RVNs are instrumental in the creation of parasite control plans through educating clients on parasitic risk and benefits of routine diagnostic testing in dedicated parasite clinics or when assisting veterinary surgeons with consultations. While RVNs cannot diagnose disease, they can identify parasites and provide the veterinary surgeon with results to aid diagnosis and guide treatment plans. Sample collection and the performance of tests can therefore be delegated to the RVN. This is an area where RVNs can develop advanced laboratory skills and they can take ownership of these tests. This will result in increased job satisfaction for the RVN via improved animal and human health and the ability to fully utilise their skills and potential in this area.

KEY POINTS

  • Cats and dogs are exposed to a wide range of parasites, some of which are ubiquitous, and exposure is therefore hard to avoid.

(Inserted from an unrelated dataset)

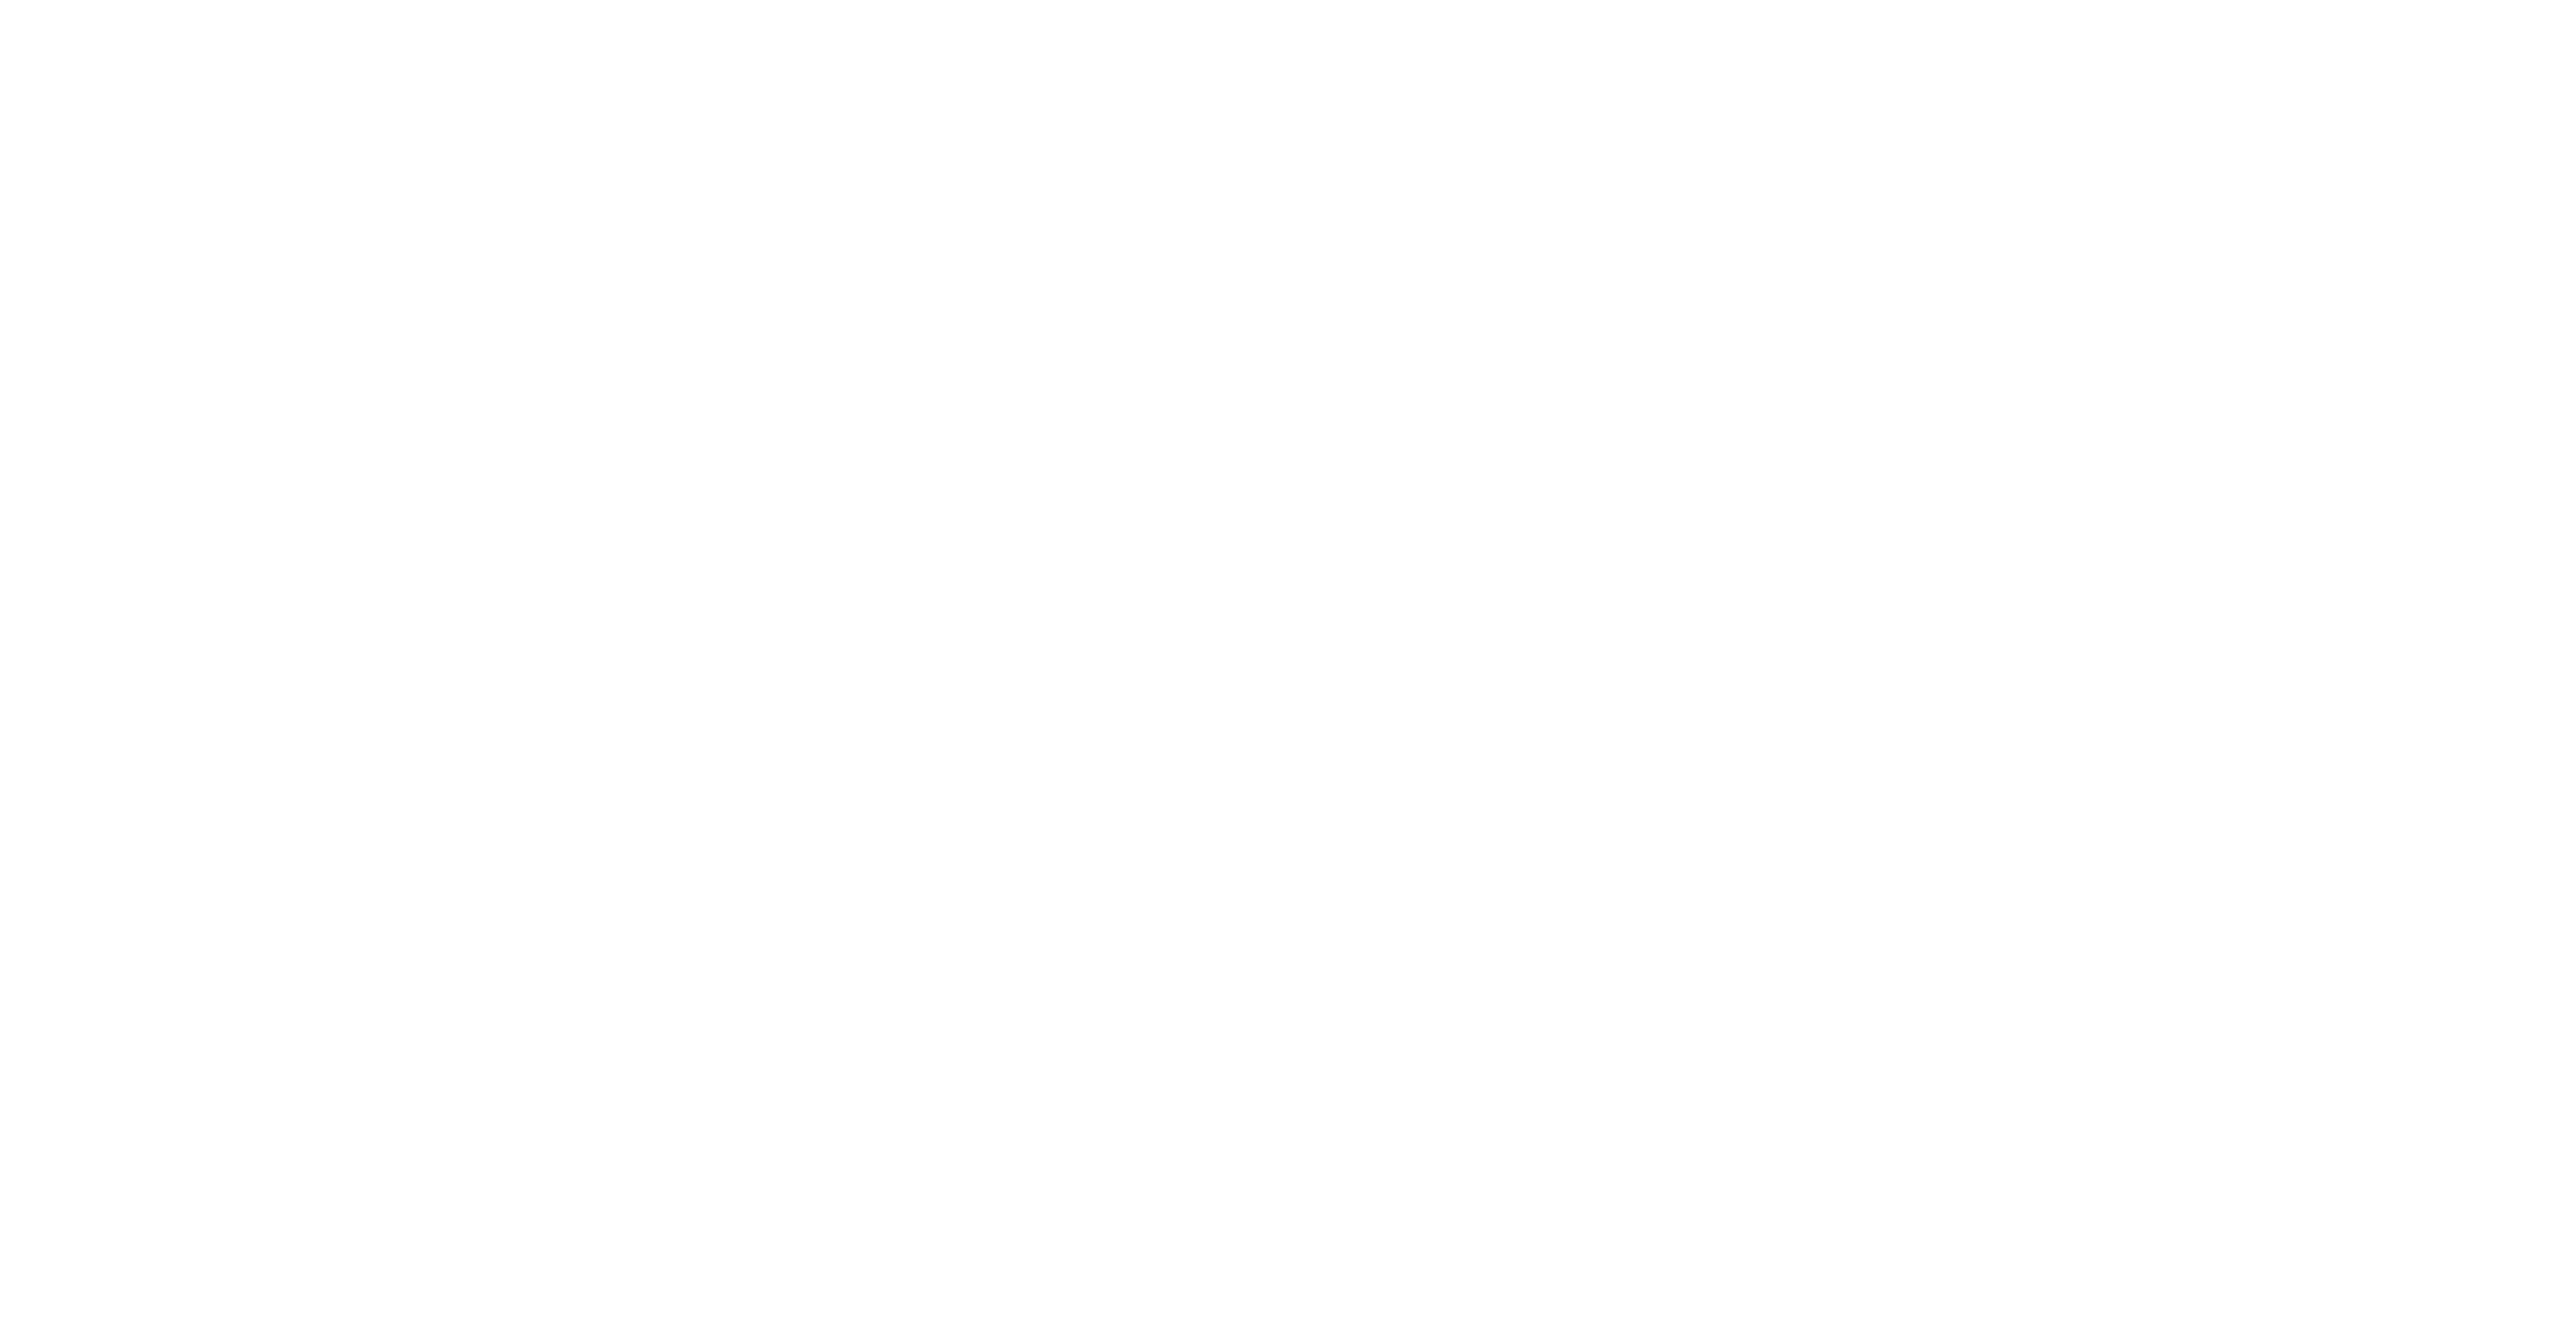 moral_polarization_logo_white

  • Regular preventative treatment for Toxocara spp. and fleas is recommended, other parasite prevention is based on risk.
  • Diagnostic testing is useful in surveillance and monitoring the effectiveness of parasite control plans.
  • Sample collection and in house testing for worms (intestinal nematodes), fleas and ticks can be performed by the veterinary nurse to assist the veterinary surgeon with diagnosis of disease and formulation of treatment plans.
  • The veterinary nurse plays a vital role in educating clients on the importance of parasite control to include treatment of the pet and household and the benefits of routine diagnostic testing.